Movie Review: Furious Seven

Last night I watched Furious Seven on Blu-ray. The seventh movie in the Fast and Furious franchise, it will probably be the last due to the untimely death of Paul Walker.

While Furious Seven wasn't as improbable as Fast and Furious 6 was, it still bordered on the ludicrous. In my review of six I proposed a new genre: "real world fantasy." That's because what happens in these moves that are set in the "real world" is almost fantasy. People survive car wreaks that would result in serious injuries or death in the real world. Cars move in ways they can't in real life. And a hacker turns out to be a pretty female. Not very realistic at all. (Okay, that last one is probably more probable than some of the other things in this movie.) And I love when people jump out of moving cars onto pavement and don't get a scratch.

***Warning: SPOILERS AHEAD***

In one scene they are chasing a bus (or large RV) with the hacker as a prisoner on board. The sides of the bus open to reveal miniguns that proceed to shoot up Paul Walker's Subaru. Okay, that should have killed Walker's character. So the character driving the bullet-proof vehicle cuts between the guns and the car.
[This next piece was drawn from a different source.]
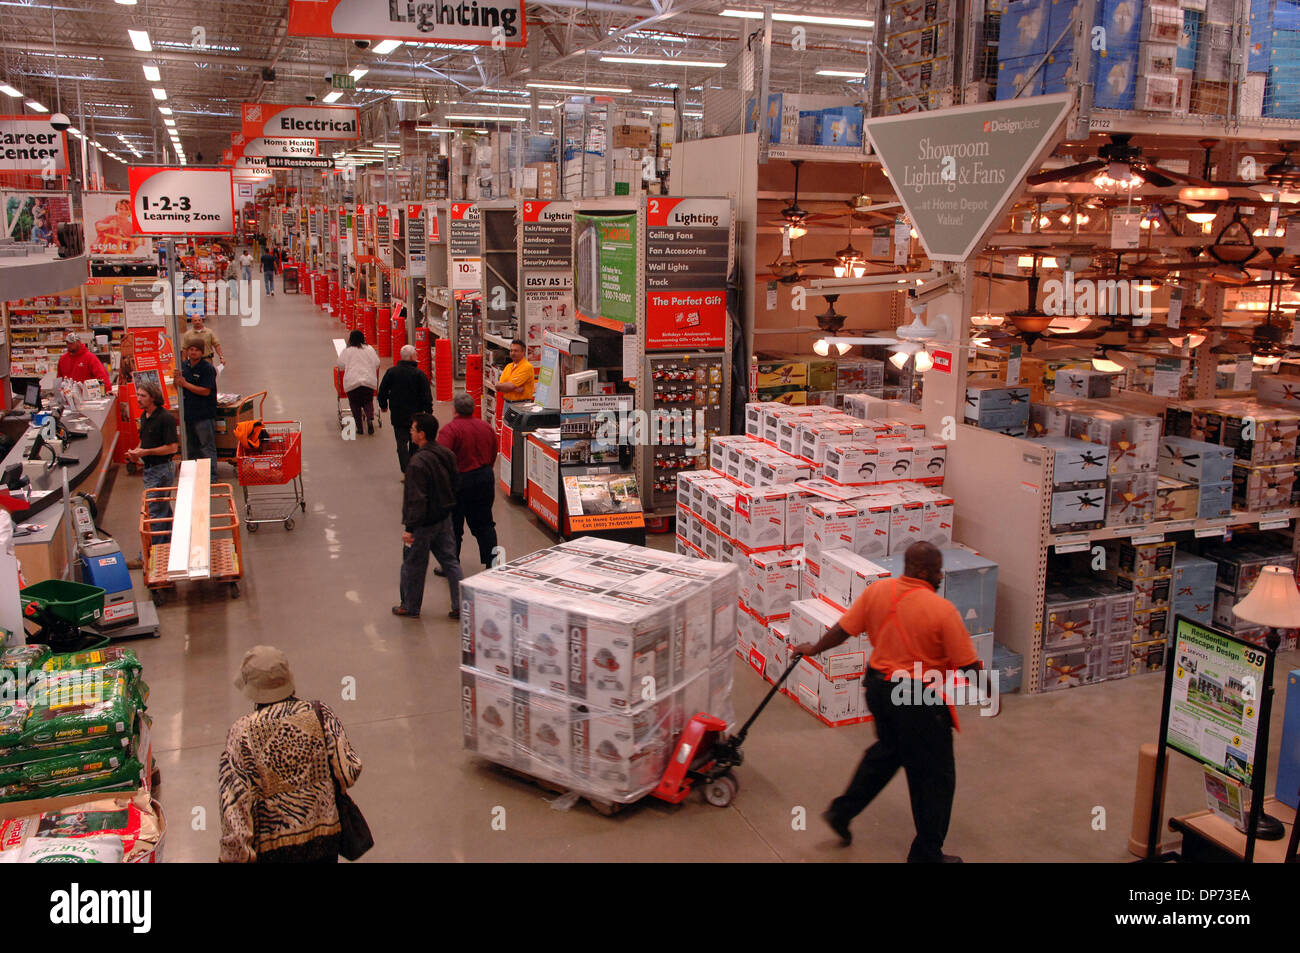 Home Depot Store Interior Stock Photos  Home Depot Store

But the bullets are then declared "armor piercing." Yet no one whose vehicle is shot up is hurt. Well, except later when the bad guys get shot up.

And they never explained how the bad guy (Jason Statham) kept showing up wherever the good guys were. I was expecting there to be a leak in the government secret agency they were working with. But nope, no explanation.

***Spoilers Done***

So, yes, it was a fun (and loud) movie but park your critical thinking skills at the door.

And it seemed that Chrysler had some deal with the movie makers. Every time there were cars, there was at least one Mopar product, usually vintage (like an old Charger) but sometimes  new. In one scene there are four cars driven by the good guys: a McClaren, a Ferrari, a Bugatti, something black I didn't recognize but obviously a supercar (the black color made it hard to discern the shape), and a new Dodge Charger.  Of course, Chrysler is owned by Fiat, as is Ferrari, so they got two cars in that scene.

I gave Furious Seven three stars on Netflix mostly because I was mostly entertained. I just wish they'd cut the hand-to-hand fighting scenes for more car chases or shots of scantily-clad women.